But the US is a super-competitive market for cars. What would Mahindra's USP be? Indeed, why go there at all when there are easier markets around?

'We want to build a globally renowned brand in our niche area of sport and utility vehicles. We want to be the first and best-known Indian brand around the world,' says Mr Mahindra. 'And when you have that mission, you have to be global, and you just have to be in the US. As the Frank Sinatra number goes, if you can make it there, you can make it anywhere.

'If you are able to meet US standards of safety and regulation, you are frankly at the cutting edge. Then you can compete anywhere in the world. The diesel vehicle we're about to launch has met emission standards even in California, which are the toughest. So we're ahead of the curve as far as emission controls are concerned.'

But why try to break into the US market at this time, when the economy is still reeling?

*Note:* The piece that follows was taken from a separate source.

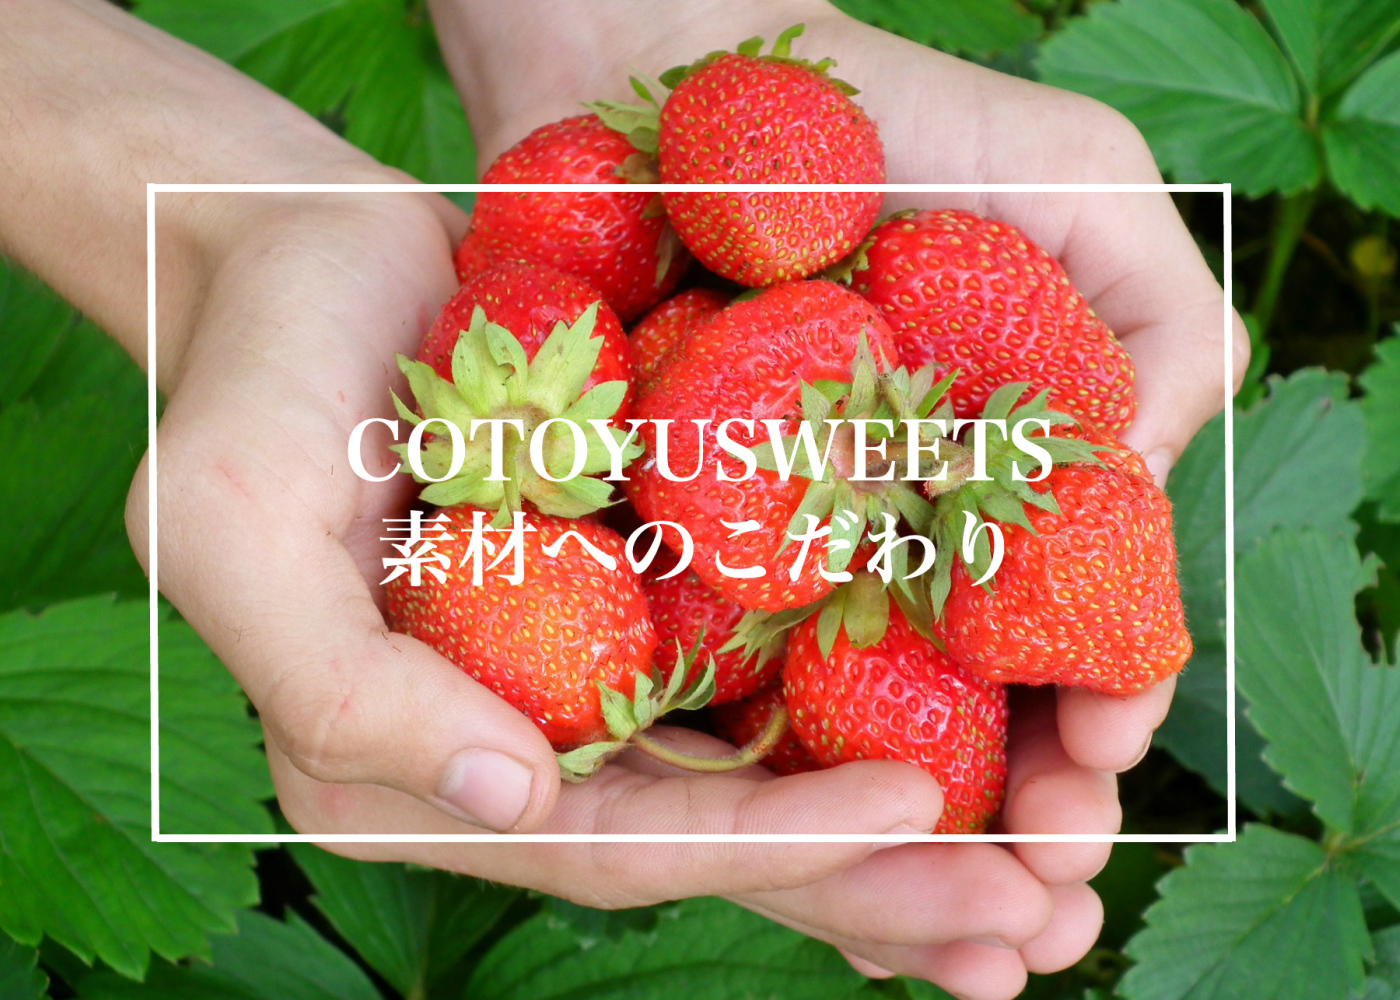 心優-cotoyu sweets-の素材へのこだわり

'That's where the contrarian edge comes in,' says Mr Mahindra. 'Just when people think there's going to be no growth in America, the way we see it, that's the time to go in. What better time can you get than when the entire auto industry in the US has been shaken up and rattled, when the historical loyalty to the big three carmakers is at its lowest ebb? American consumers today are willing to experiment with challenger brands like they have never done before. The breed of consumers who were loyal to GM or Chrysler all their lives doesn't exist any more.' He adds that, as a brand name, Mahindra is not unknown in the US; it has been selling tractors there for 20 years and is the fourth largest player in that market.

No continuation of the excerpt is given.